Chapter 15 bankruptcy is legal filing that allows a foreign debtor to file for bankruptcy in the United States court system. It is used for insolvency cases that involve people or businesses with assets in more than one country.

Key Takeaways

  • Chapter 15 bankruptcy allows a foreign debtor to file for bankruptcy in the United States.
  • It is used for insolvency cases that involve people or businesses with assets in more than one country.
  • Chapter 15's primary objectives are to increase international cooperation and legal certainty for businesses and individuals that hold assets in multiple countries.
  • A Chapter 15 proceeding is generally the secondary bankruptcy proceeding for the foreign individual or entity, with the main one taking place in a foreign country.

Definition and Example of Chapter 15 Bankruptcy

Chapter 15 bankruptcy allows foreign nationals to file for bankruptcy in the U.S. bankruptcy courts if they have assets, property, or business in multiple countries, including the United States. It was added to the Bankruptcy Code in 2005 by the Bankruptcy Abuse Prevention and Consumer Protection Act. Chapter 15 is the newest adoption of the Model Law on Cross-Border Insolvency, which was created by the United Nations Commission on International Trade Law ("UNCITRAL") in 1997.

Note

Chapter 15 replaced section 304 of the Bankruptcy Code.

Chapter 15 bankruptcy is found in the United States Code, 11 U.S.C. §15. It has five primary objectives:

  • Cooperation between the courts and parties of interest in the United States with the courts, parties of interest, and other authorities of foreign countries involved in international insolvency cases.
  • Increased legal certainty for trade and investment.
  • Efficient and fair administration of cross-border insolvencies while protecting the interests of all creditors and interested parties, including the debtor.
  • Protect and maximize the value of the debtor's assets.
  • Facilitate the rescue of financially troubled businesses to protect investment and preserve employment.

A Chapter 15 proceeding is generally the secondary bankruptcy proceeding for the foreign individual or entity.

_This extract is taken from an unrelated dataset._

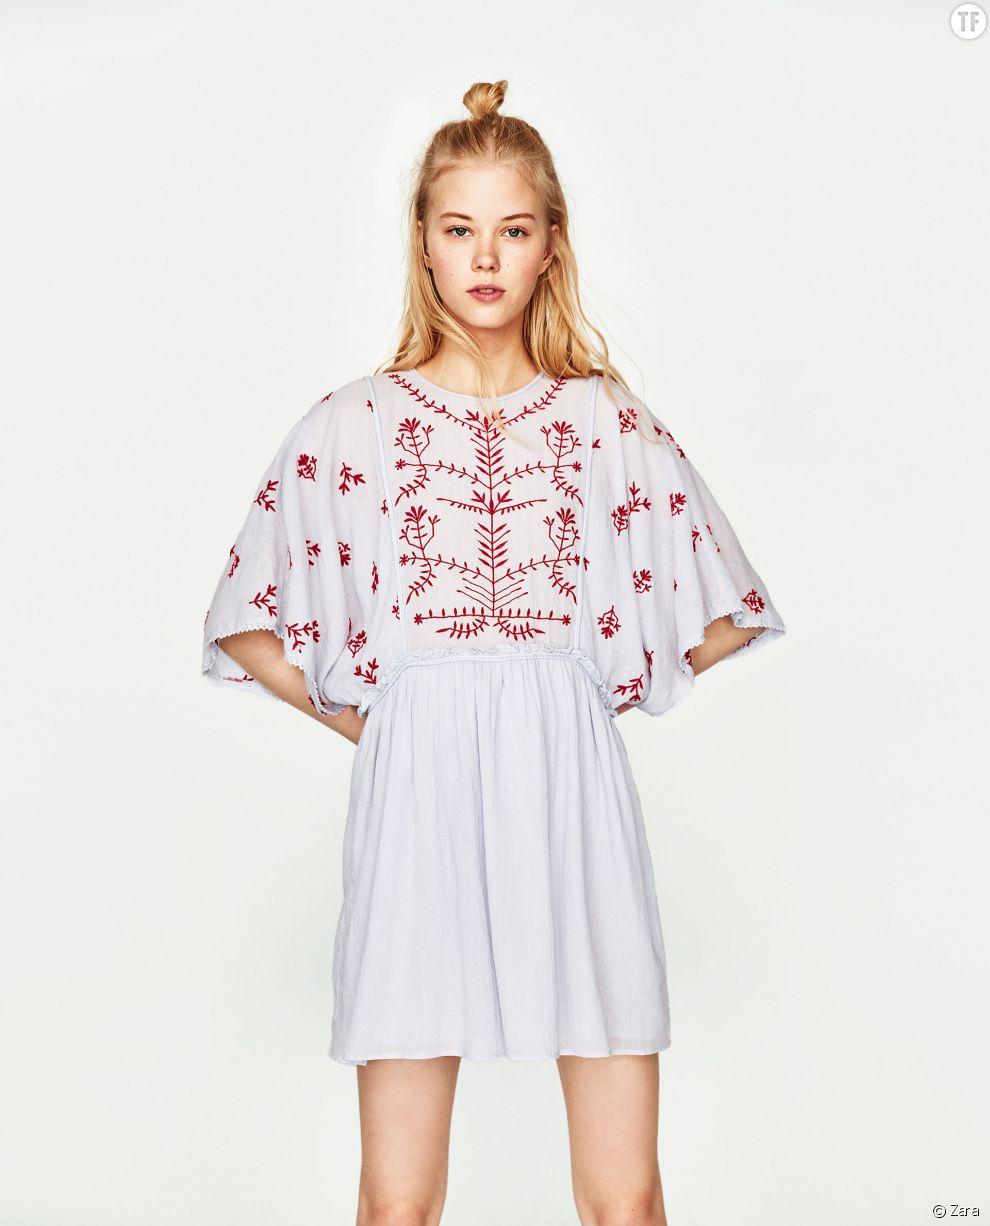 Robe à détails brodés Zara, 25,99€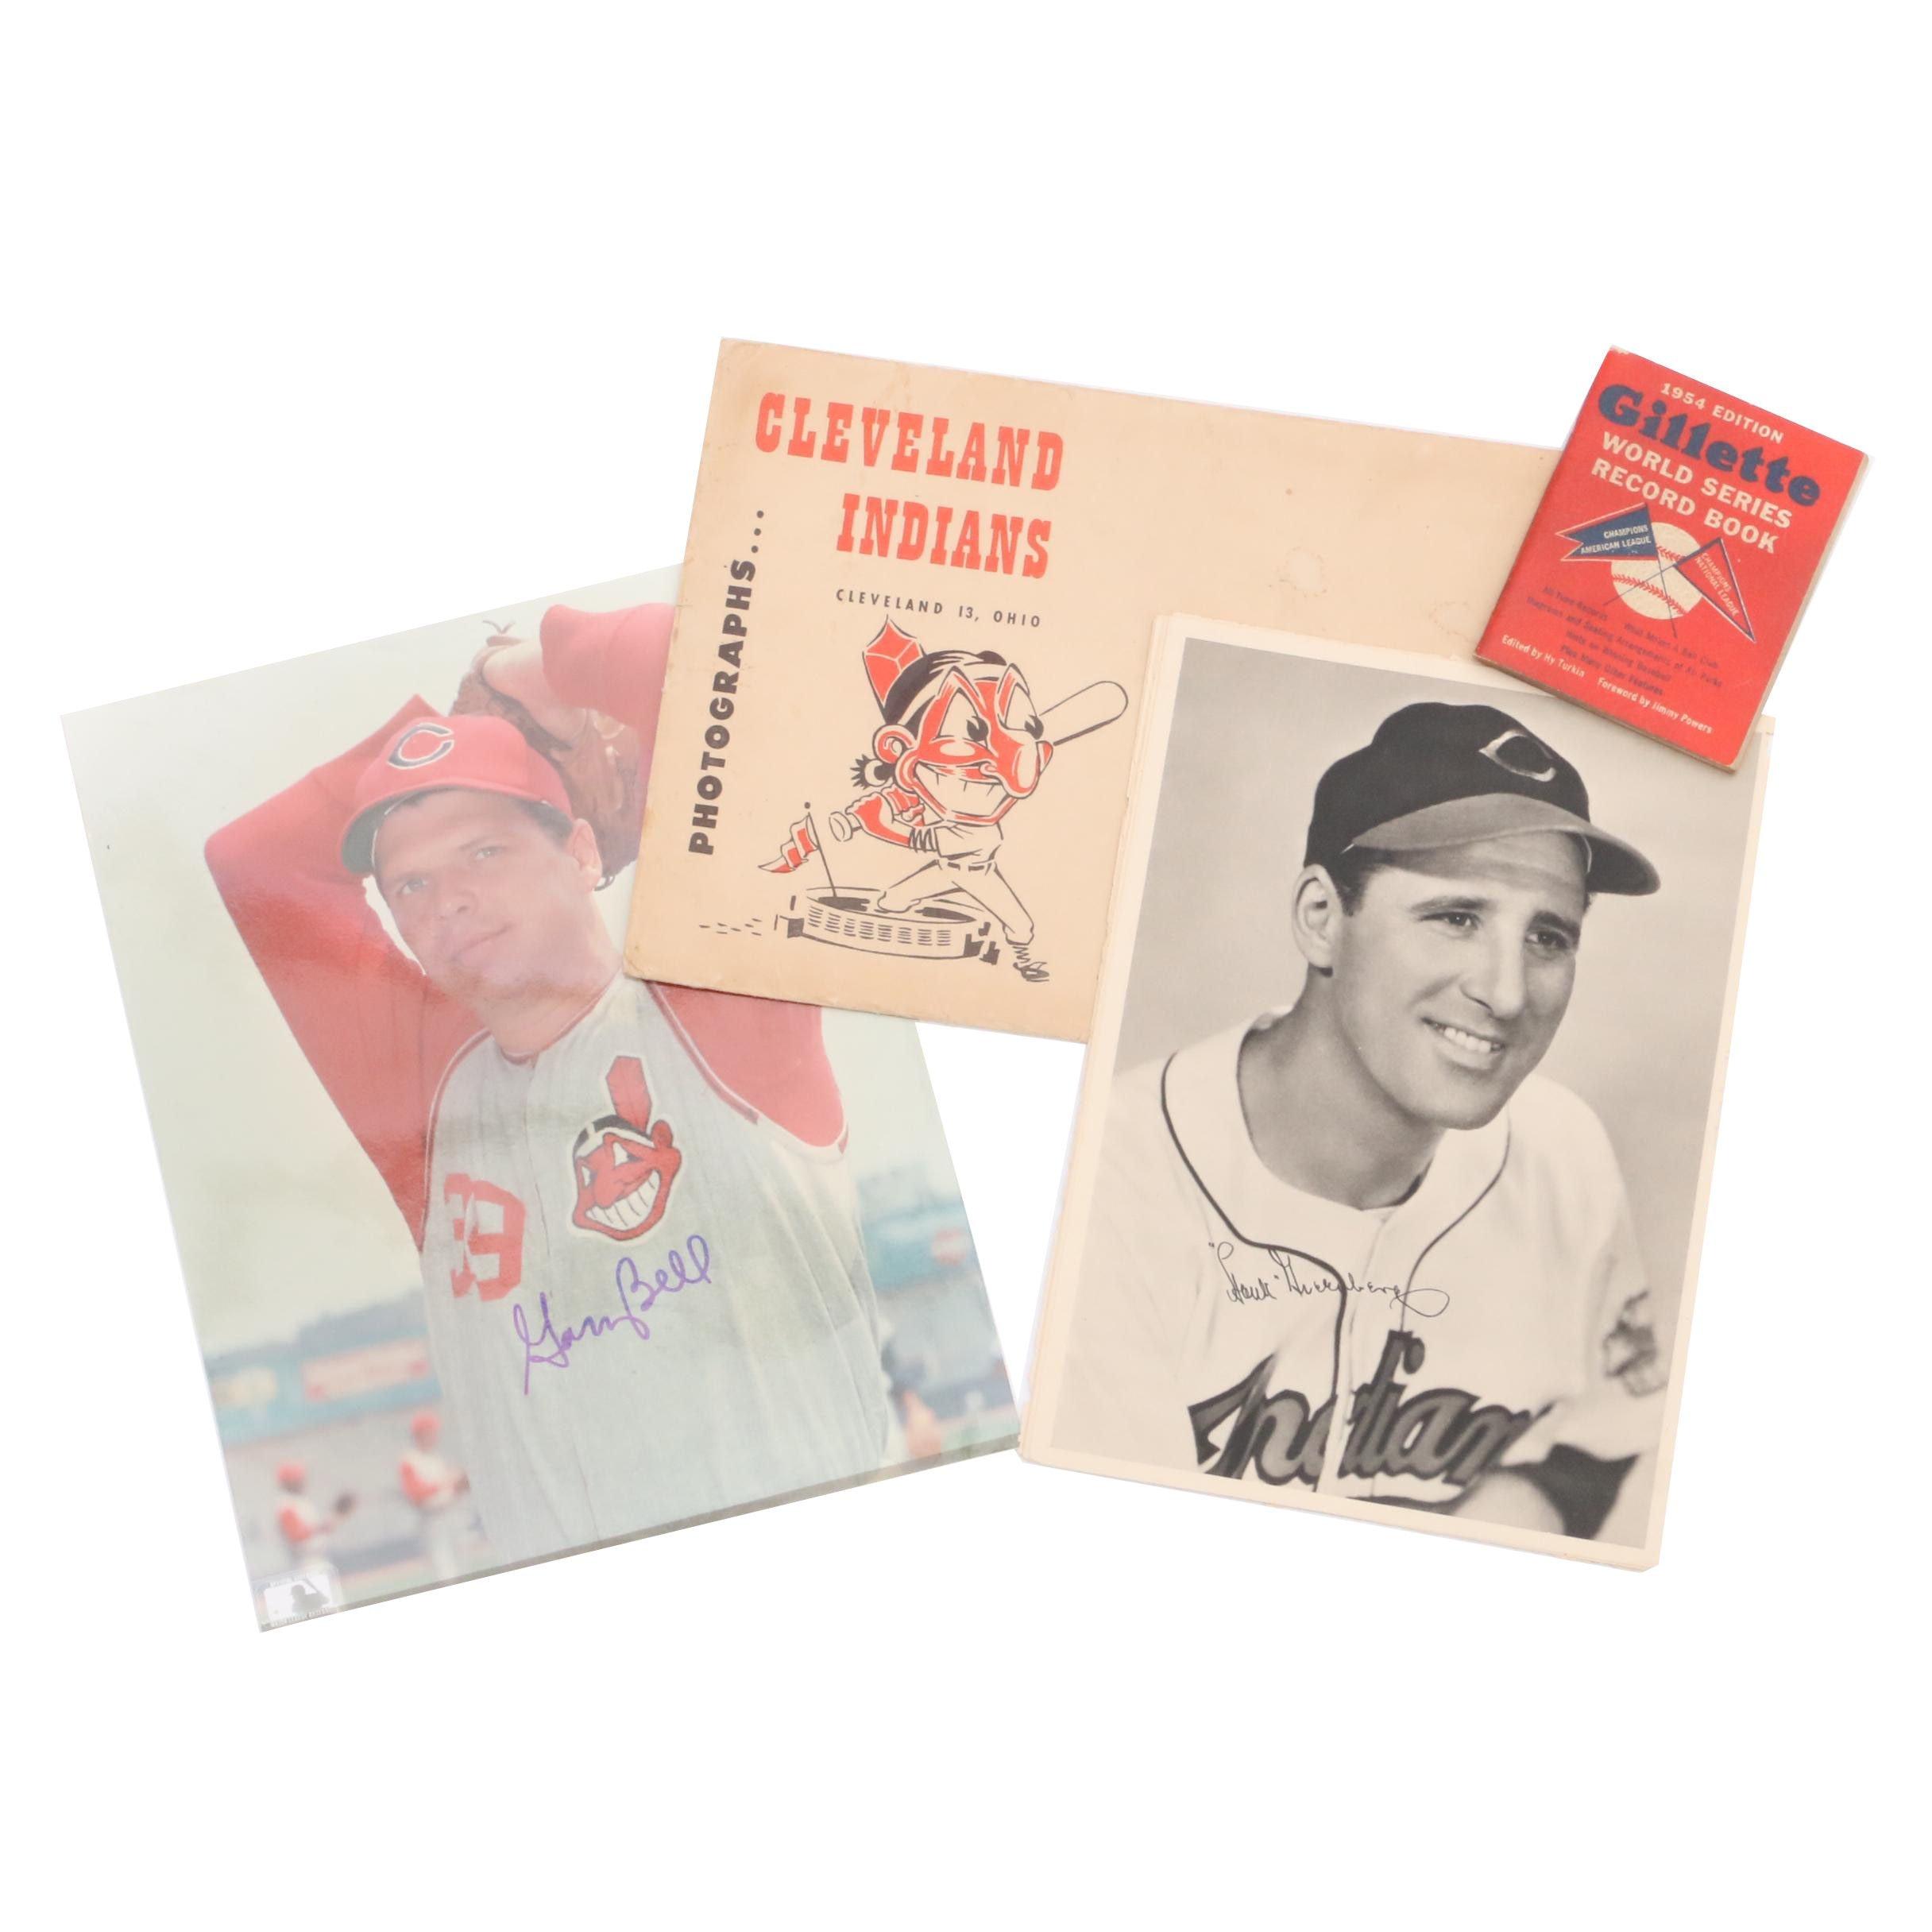 Cleveland Indians Vintage Items

The main proceeding typically takes place in the foreigner's home country.

Note

A foreign company may choose to file a case under Chapter 7 or Chapter 11 of the U.S. Bankruptcy Code, instead of Chapter 15, if itsassets or entanglements with U.S. commerce are sufficiently complex.

How Chapter 15 Bankruptcy Works

A foreign company may choose to file a Chapter 15 proceeding if an insolvency case is pending in another country. When this happens, the petition must prove that the foreign proceeding exists.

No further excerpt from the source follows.